## [DIRECTIONS FOR THIS TASK]
In the listing below, find the line containing "The keynote speaker holds an egg" and the line containing "Českýgranát.MineralogickýsymbolČech.", then copy exactly everything from the first through the second, except the pictures.

## [SUPPLIED RECORDS]
═══
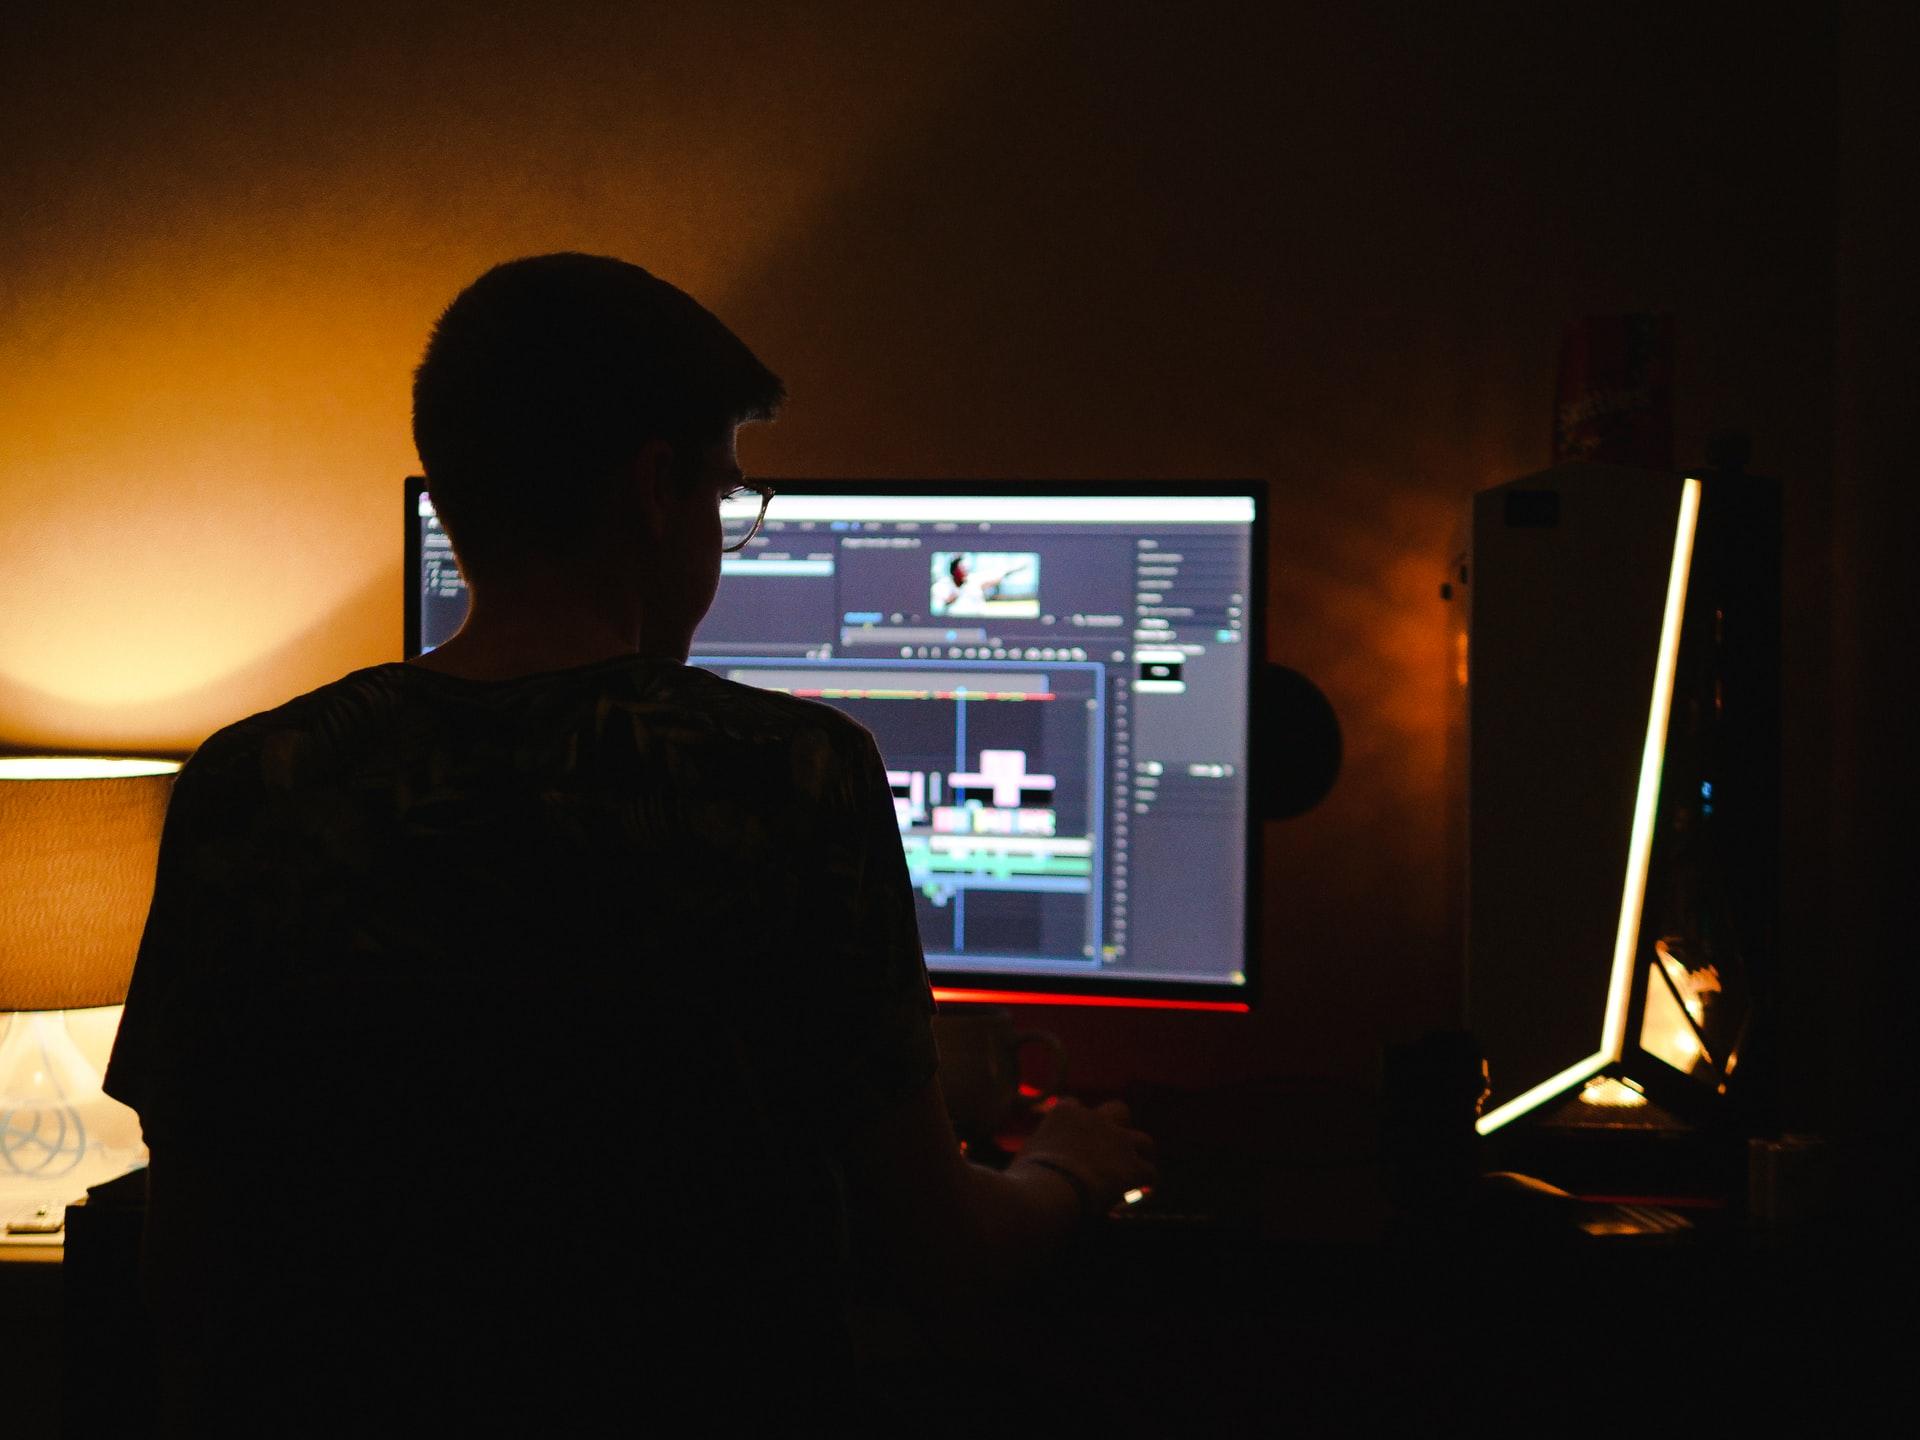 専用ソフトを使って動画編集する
═══
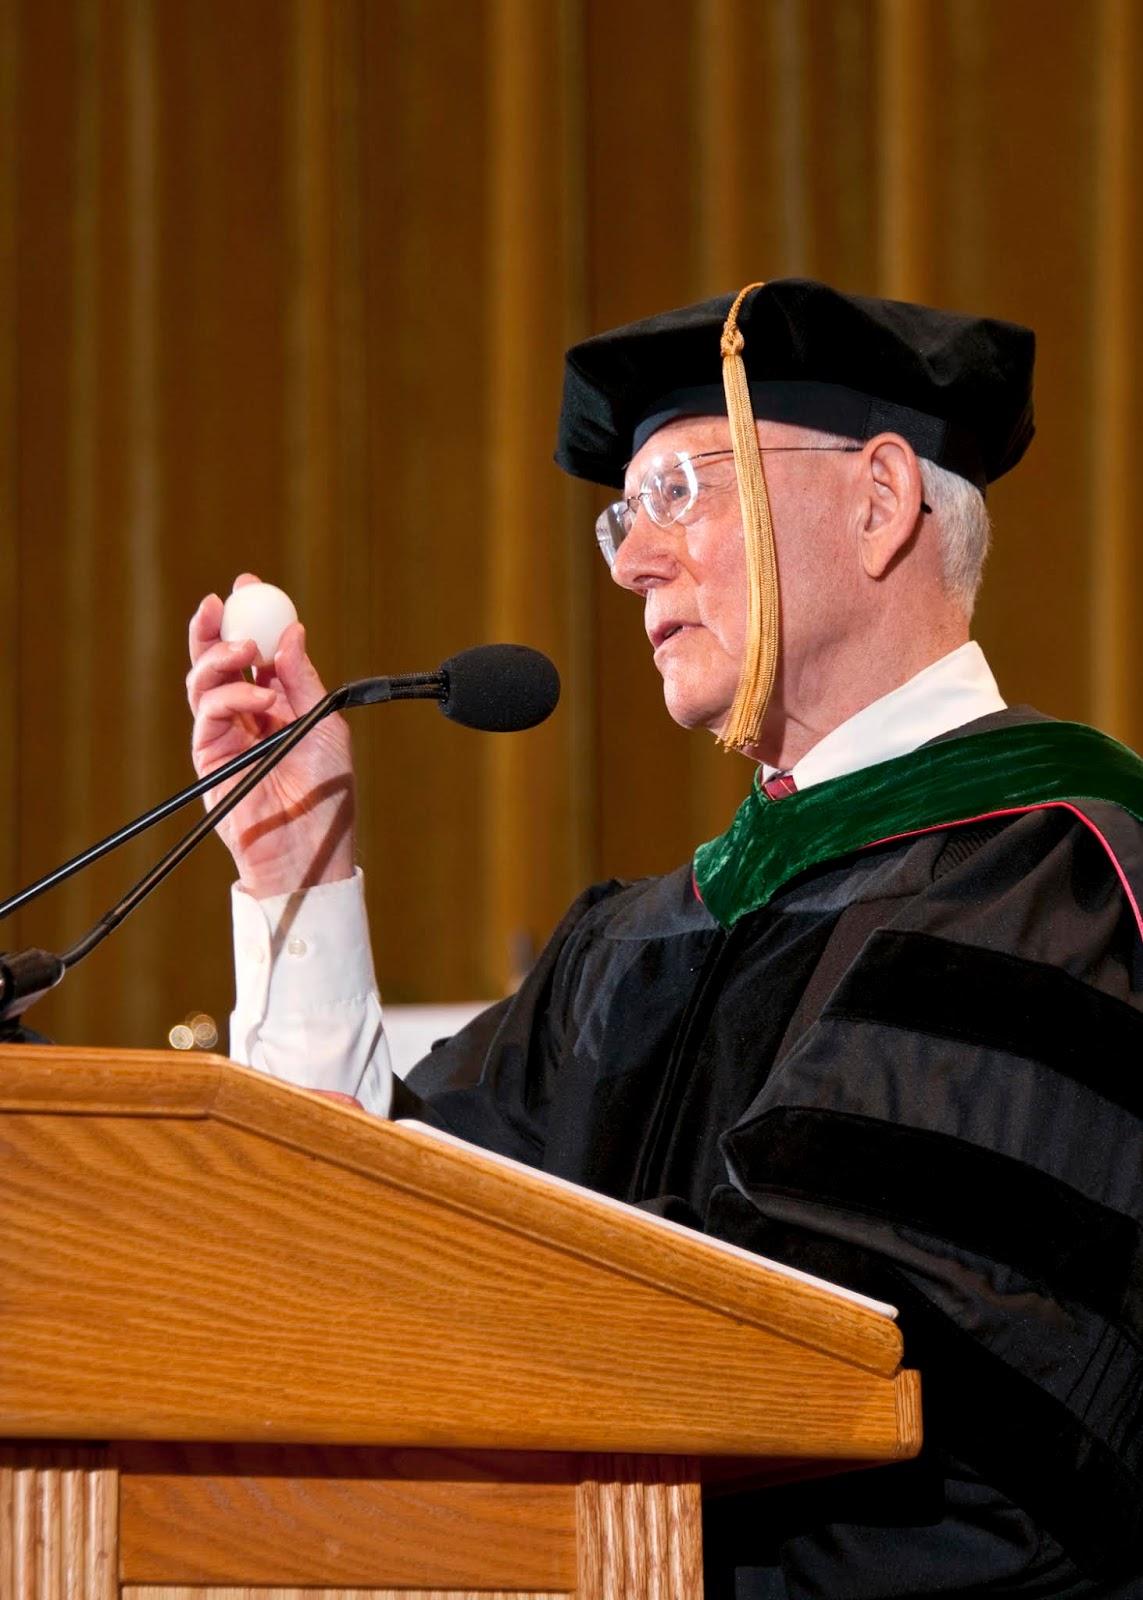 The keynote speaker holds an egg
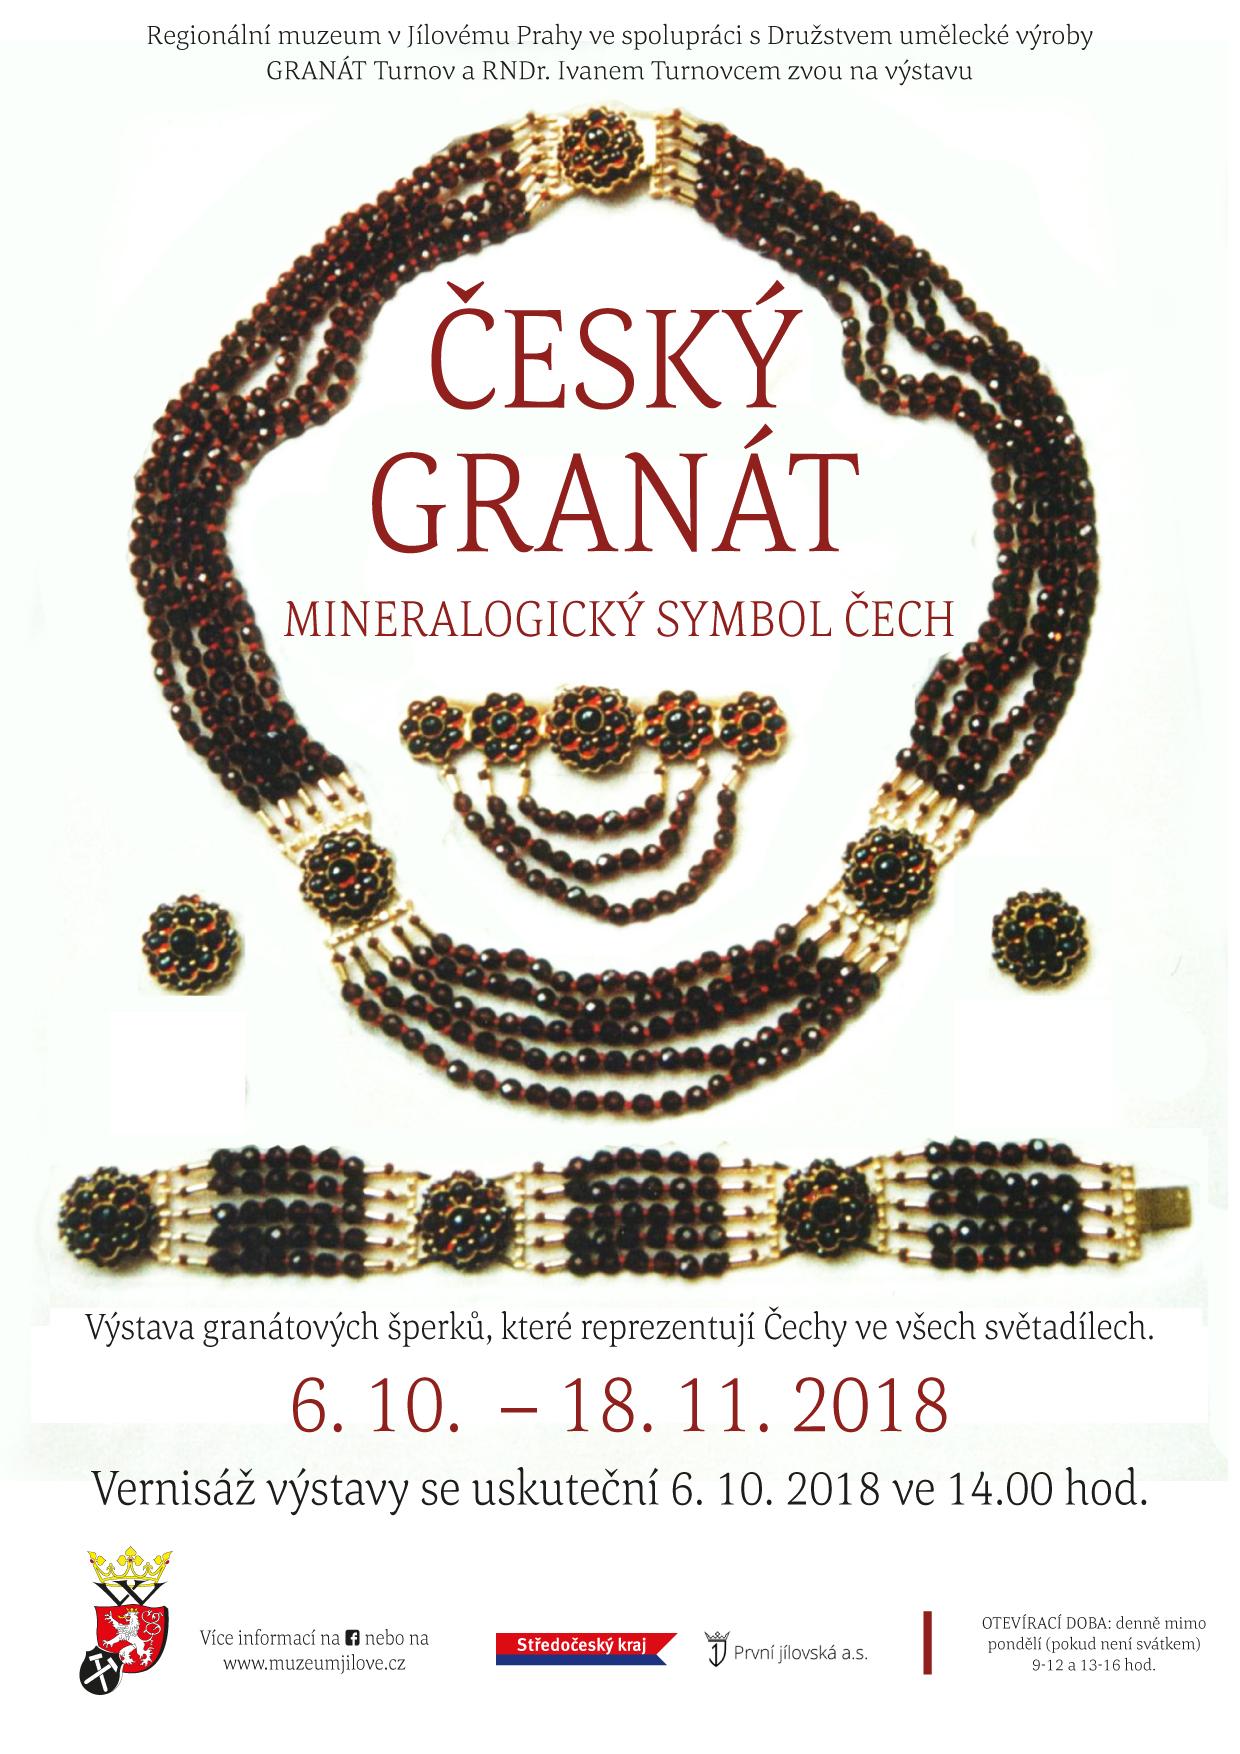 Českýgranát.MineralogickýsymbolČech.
═══
## [RESULT BELOW]
 The keynote speaker holds an egg
 Českýgranát.MineralogickýsymbolČech.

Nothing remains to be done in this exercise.